Ce que veulent les femmes

 

Les comprendrons-nous un jour ? Si dans la vraie vie les femmes nous paraissent toujours aussi insaisissables, sur la toile, elles sont encore plus énigmatiques. Nous n’avons pas la moindre idée de ce qu’elles pensent de notre profil. Nous ne bénéficions d’aucun indice, pour savoir si nous les faisons rire, pleurer ou si on les laisse de glace. Pour tenter de vous faire comprendre la mécanique féminine sur internet, voici 10 qualités qu'une fille recherche à tous les coups dans un profil masculin. Respectez les doses prescrites.

1. Une pincée d’intelligence
Pas besoin d'être Einstein ou Pasteur. La plupart des femmes ne recherchent pas des génies, mais vous devez faire preuve d’un minimum vital. Le style Jean-Claude Van Damme ne passe pas trop bien à l’écrit. Alors relisez-vous ! Utilisez le correcteur d’orthographe et trouvez une bonne citation.

2. Un soupçon de frime
Laissez-leur entendre que vous êtes fort et qu’elles ne craindront rien dans vos bras. Donnez-leur une impression de force intérieure. Montrez leur que les hommes, les vrais, ça existe encore !

3. Une bonne situation
Les femmes aiment les hommes qui ont une bonne situation. Cela ne veut pas dire qu’elles sont vénales, mais les hommes qui ont du pouvoir les attirent. Alors sans en mettre plein la vue, faites une petite allusion à votre job et faites-lui comprendre que vous ne serez pas un parasite.

4. Un peu de classe
Ça parait évident, mais choisissez une photo qui vous avantage. Evitez la dernière photo d’une virée entre potes ivres morts.
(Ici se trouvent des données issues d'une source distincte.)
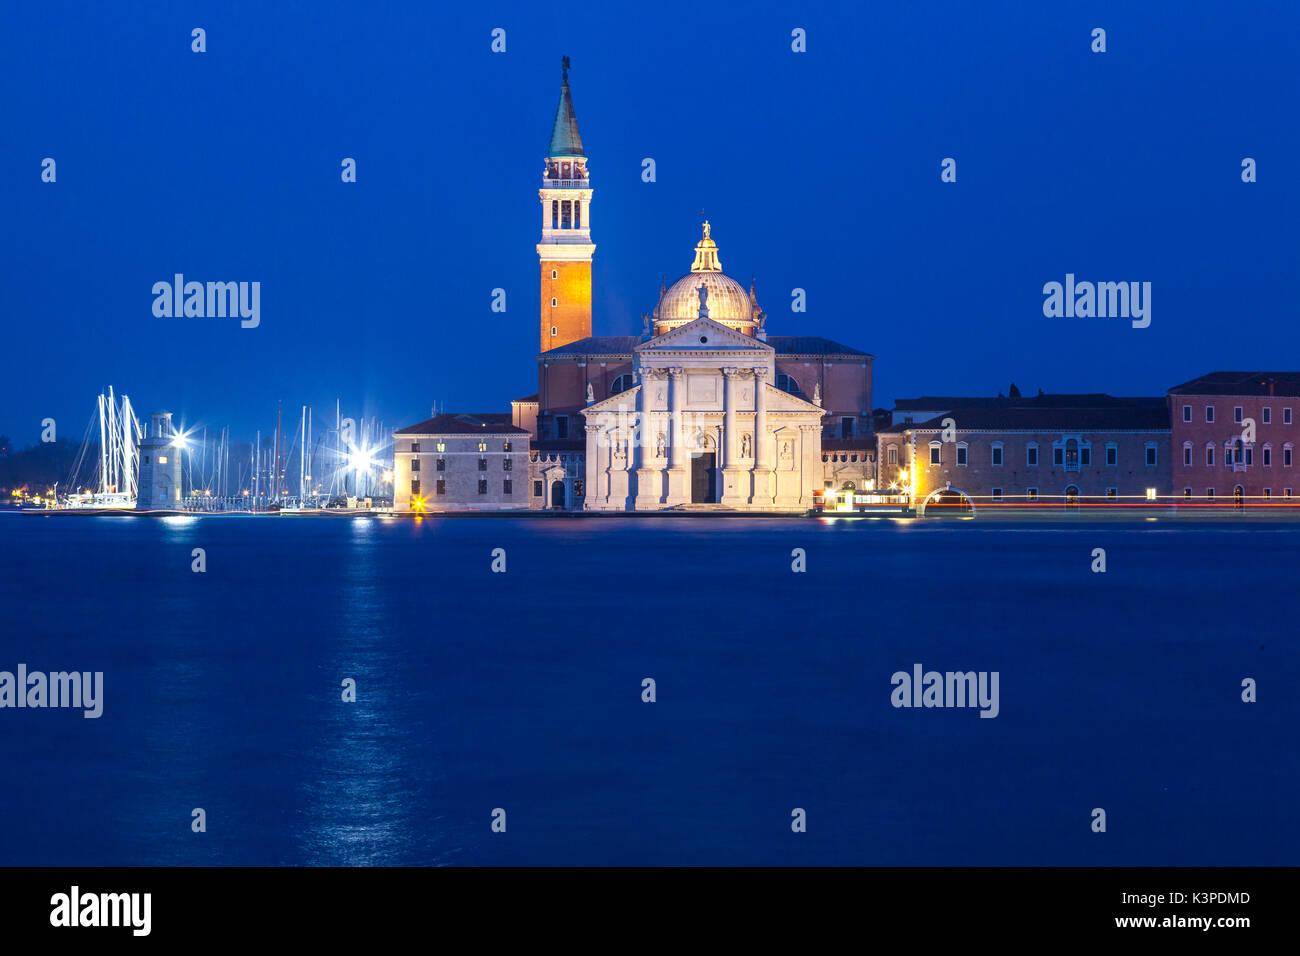 Venedig, Venetien, Italien, Blick auf die Insel San Giorgio Maggiore an der blauen Stunde mit Kirche und Kloster der Benediktiner beleuchtet und leichte Spuren von einem Stockfoto

5. Une grosse dose d’humour
Imaginez votre première rencontre. Soyez drôle en gardant votre élégance naturelle. Ne vous prenez pas au sérieux, mais ne faites pas le lourd dingue. Gare à la « beauf attitude ».

6. Un brin d’originalité
Pour se distinguer rien de tel qu’un petit coup d’œil à la concurrence. Ne reproduisez pas le profil du mec moyen qu’on voit partout. La compétition est féroce, alors jouez la carte de la différence. N’oubliez jamais que vous êtes unique et forcément exceptionnel.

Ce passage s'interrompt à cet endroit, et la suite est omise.